เมื่อคืนนี้ means "last night", (copy and paste it into any online translator like Thai to English dictionary, translation & transliteration - Thai2English)

Patrick

----------


## Bangyai

> All very interesting - except we are not discussing "มา", we are trying to ascertain what the OP's SMS writer actually meant when she wrote "MA" (in English).
> 
> Thais - like most people - tend to take verbal shortcuts and this is often reflected when they actually write too - especially when transliterating Thai into English.
> 
> 
> Patrick


Looking at again ,  I agree with your observation and subsequent translation.

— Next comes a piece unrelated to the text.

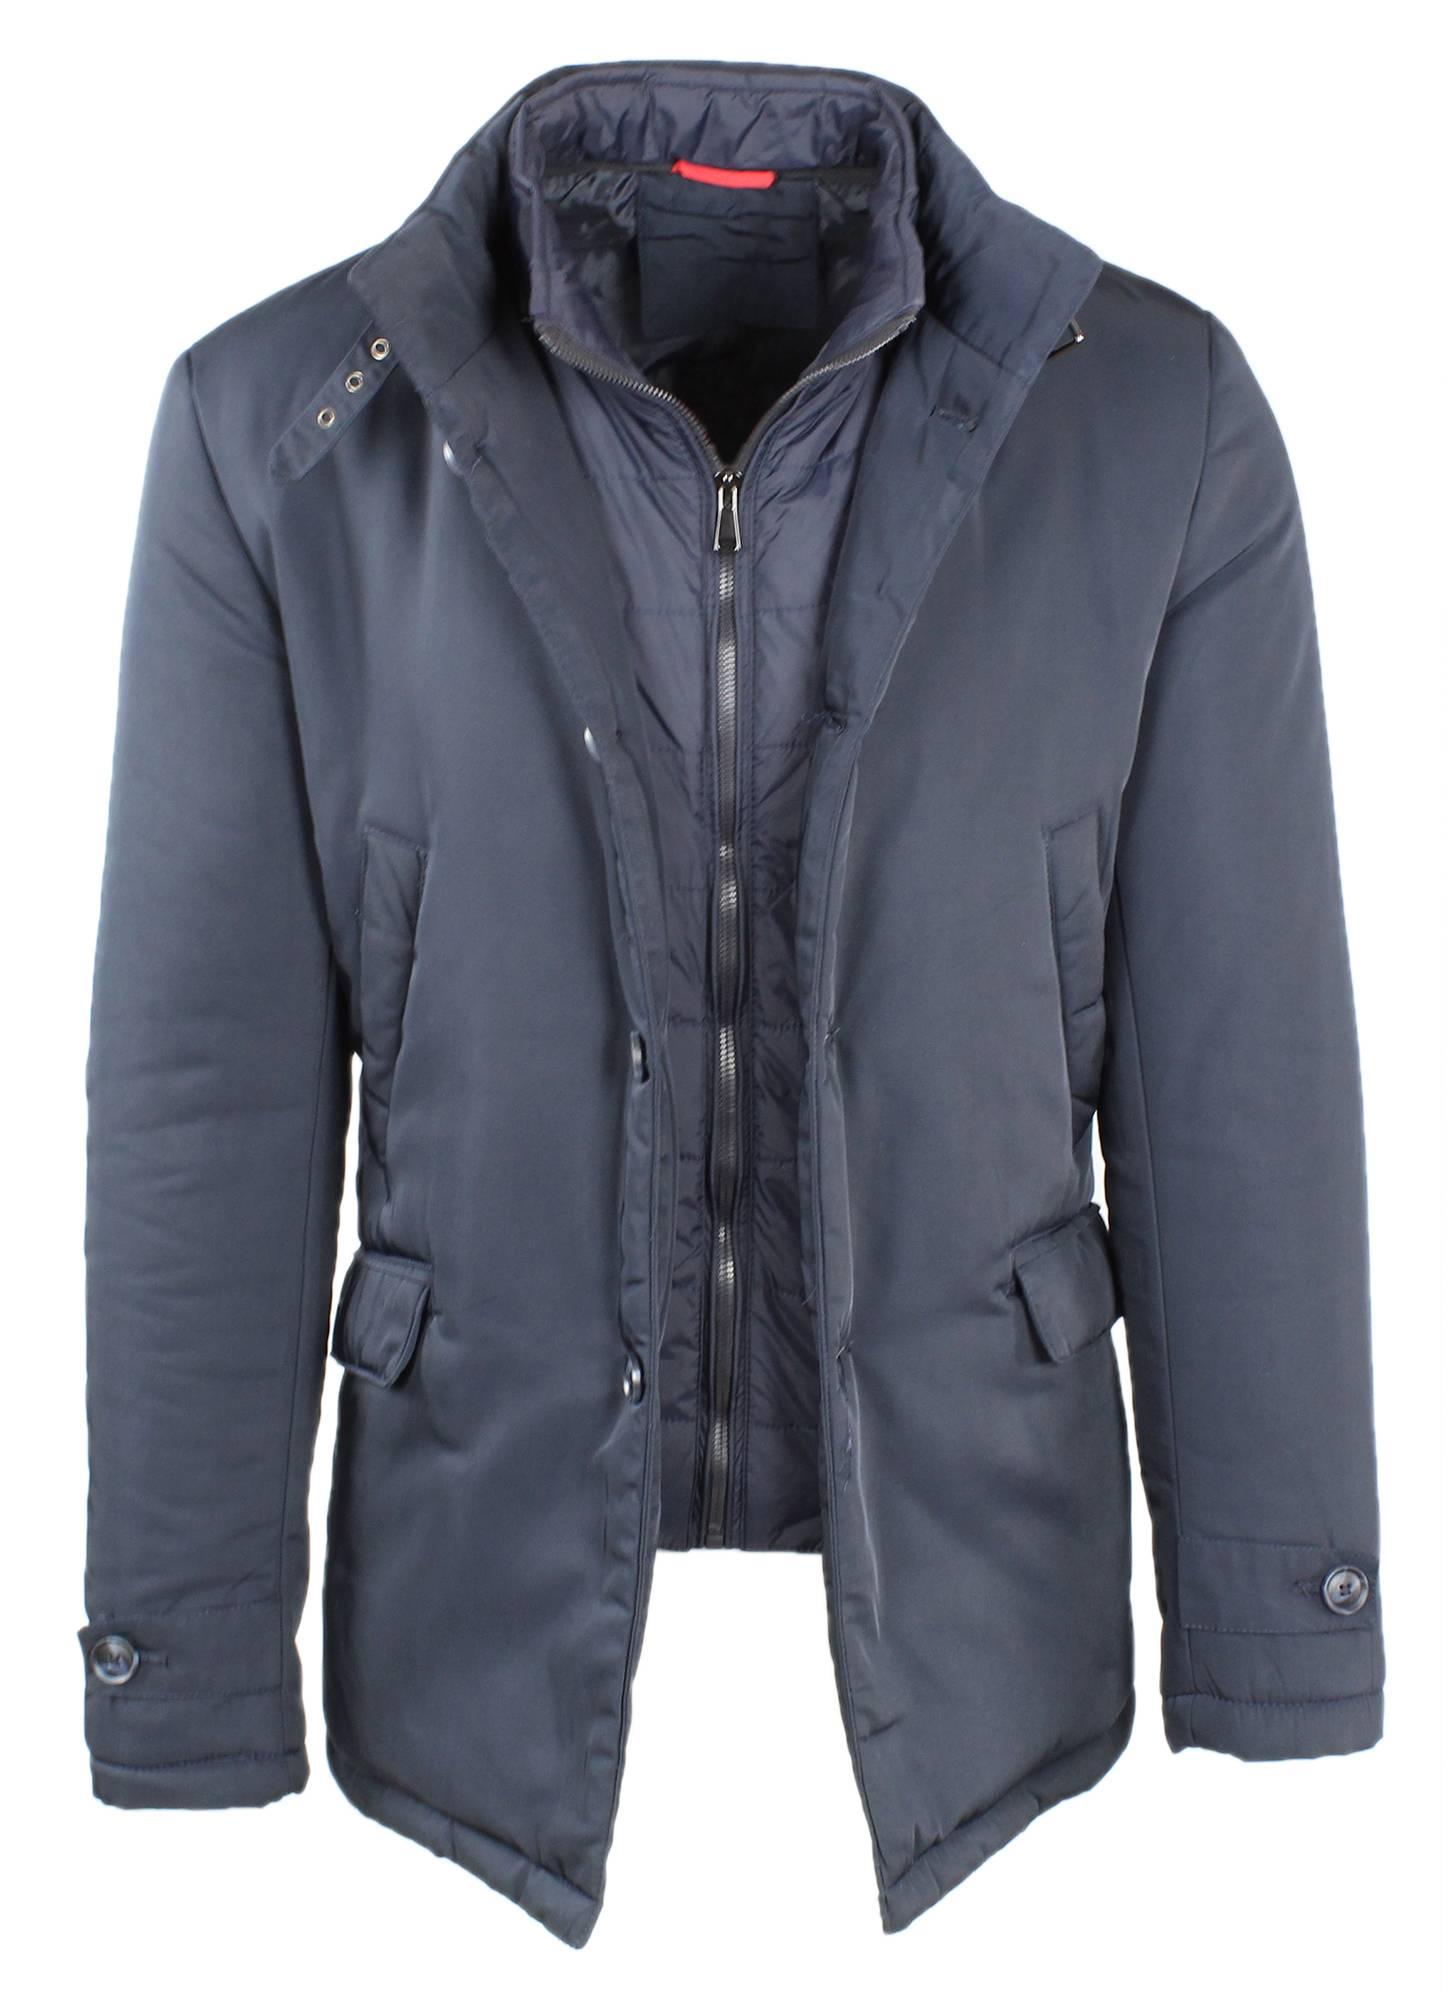 Giubbotto-Uomo-Invernale-Giaccone-Elegante-Giubbino-Sartoriale-Blu-Nero-Cappotto miniatura 5

I wonder if you could also tell us if its correct that Rigger is better looking than Ned ?  :Smile:

----------


## Patrick

> I wonder if you could also tell us if its correct that Rigger is better looking than Ned ?


Never having met either gentleman I really cannot offer an opinion - I am however quietly confident that neither is as handsome as myself.

 :mid: 

Patrick

----------


## Smug Farang Bore

Nedy boy, it says I want ya fucking money!

----------


## nedwalk

^ yar smug me old mate..thats what i thought.. :Smile:

----------


## dirtydog

> เมื่อคืนนี้ means "last night", (copy and paste it into any online translator


Where did she write the Thai version? In neds posts all I can see is English letters? So you are basing your translation and arguement on something that isn't even there.

----------


## nedwalk

the SMS was in english as i posted..and i have not replied for fear of opening a pandoras box for sure

----------


## Patrick

> Originally Posted by Patrick
> 
> เมื่อคืนนี้ means "last night", (copy and paste it into any online translator
> 
> 
> Where did she write the Thai version? In neds posts all I can see is English letters? So you are basing your translation and arguement on something that isn't even there.


Yes the SMS Posted was written in English characters - transliterated from Thai.

Unfortunately transliteration is subject to the interpretation of ths individual writing it - not everyone would write the same word the same way.

The SMS reads - in part :

"CHAN FAN THEUNG KHUN MA KHUN NEE"

Which I have translated as :

I dreampt about you last night

Chan (ฉัน)  = I
Fan (ฝัน) = Dream
Theung (ถึง) = to or about
Khun (คุณ) = you
Ma Khun Nee (เมื่อคืนนี้)   = last night

This is the only logical translation of the phrase using all the words, not ignoriing some as other Posters have done - for example somtamslap ignores the "FAN", yours does not take into account the word "THEUNG".

There is a little confusion over the words "MA KHUN NEE" but again given the whole message the only logical way to translate this is to realise it should have been written as "MEUA KHEUN NEE" from the Thai word for "last night" - เมื่อคืนนี้ .

(It's clear from the context that the girl has just recently woken up and is telling the OP that she dreampt about him "Good Morning Ka, I dreampt about you last night").

As explained in my last Post Thai speakers often drop or slur together certain letters simply to make the phrase easier to say and "MEUA KHEUN NEE" is regularly spoken as "MA KEUN NEE" and that is what the SMS writer wrote.

As  test, many Members have Thai wives or girlfriends - ask them to say ""last night" in Thai and the vast majority will say "MA KEUN NEE" or even MA KHUN NEE"rather than the correct "MEUA KHEUN NEE".

Patrick

----------


## somtamslap

> Ma Khun Nee


 I know her phonetics are a tad off to say the least, but wouldn't 'last night' be 'Mua Khun nee' to even the most illiterate trollop?

----------


## somtamslap

> As test, many Members have Thai wives or girlfriends - ask them to say ""last night" in Thai and the vast majority will say "MA KEUN NEE" or even MA KHUN NEE"rather than the correct "MEUA KHEUN NEE".


 ..never heard it pronounced like that.

----------


## julietmarly

I need to know the translation because for social studies, we are  learning about Shakespeare and our teacher handed us this speech to  translate on our own after doing just one other translation of one of  his plays. I just need an idea of what they mean so, I wont copy it, I  can know somewhat what the line means and turn it into something  similar, but not identical.

----------


## alwarner

> I need to know the translation because for *anti-social studies*, we are  learning about Shakespeare and our teacher handed us this speech to  translate on our own after doing just one other translation of one of  his plays. I just need an idea of what they mean so, I wont copy it, I  can know somewhat what the line means and turn it into something  similar, but not identical.


You've come to the right place.

----------


## azelea

MA KHUN NEE เมื่อคืนนี้ last night

----------


## CaptainNemo

Maybe she's not Thai...

----------